On 9 December 2013 15:28, Winnie Lacesso <[log in to unmask]> wrote:
> Dear All,
>
> In hopes that someone can help! (not much feedback from lcg-rollout)
> Our site has 3 CEs - 1 SL6 ARC-CE which (Lukas says) uses our argus
> server (he set that up) & is ok; 2 CREAM-CEs which I am not sure use argus
> or not; it looks like from last yaim run that they both do....
>
> Is it easily found in some config file "This CE is using argus" or "This
> CE is not using argus"?
>
> One suddenly started failing 99.999%, in /var/log/cream/glite-ce-cream.log
> are alarming errors:
>
> 08 Dec 2013 12:24:56,452 org.glite.voms.PKIVerifier - Faulty certificate: DC=ch,DC=cern,OU=computers,CN=voms.cern.ch
> 08 Dec 2013 12:24:56,452 org.glite.voms.PKIVerifier - Cannot verify issuer certificate chain for AC
> 08 Dec 2013 12:24:56,467 org.glite.voms.PKIVerifier - CRL for CA 'DC=ch,DC=cern,CN=CERN Trusted Certification Authority' has expired on Sat Dec 07 16:46:00 GMT 2013.

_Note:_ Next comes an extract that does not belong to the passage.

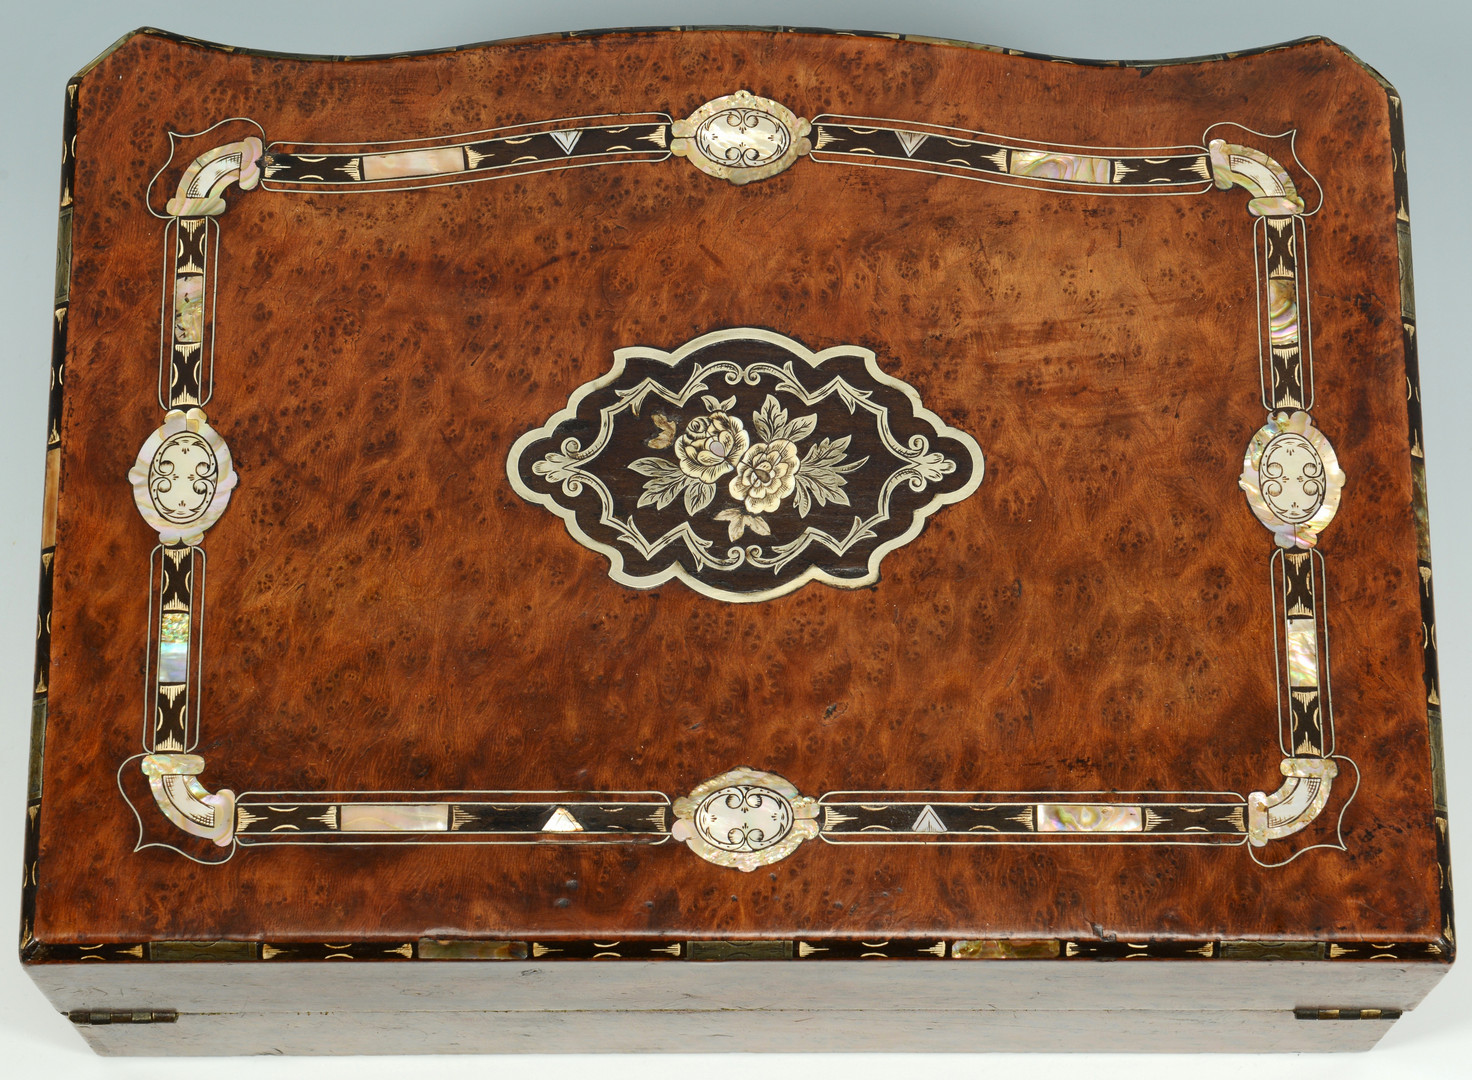 Lot 67: Two English Inlaid Boxes

> 08 Dec 2013 12:24:56,482 org.glite.voms.PKIVerifier - No temporally valid CRL for CA 'DC=ch,DC=cern,CN=CERN Trusted Certification Authority' was found. Considering the certificate 'DC=ch,DC=cern,OU=computers,CN=voms.cern.ch' revoked.
>
right, so the fundamental problem is that that CREAM CE no longer
trusts the voms.cern.ch VOMS server, because it can't get up to date
CRLS for its signing CA (the CERN CA, in this case).
Does it complain about any other CA certs having invalid CRLs?
Is the time correctly set on the CE (I assume you checked ntp)?
> The host cream-ce cert is still good
> root@lcgce04> openssl x509 -text -in /etc/grid-security/hostcert.pem | grep -i not
> Not Before: Jan 7 07:09:40 2013 GMT
> Not After : Feb 6 07:09:40 2014 GMT
>
> I can't submit test jobs (the other lcgce03 is fine)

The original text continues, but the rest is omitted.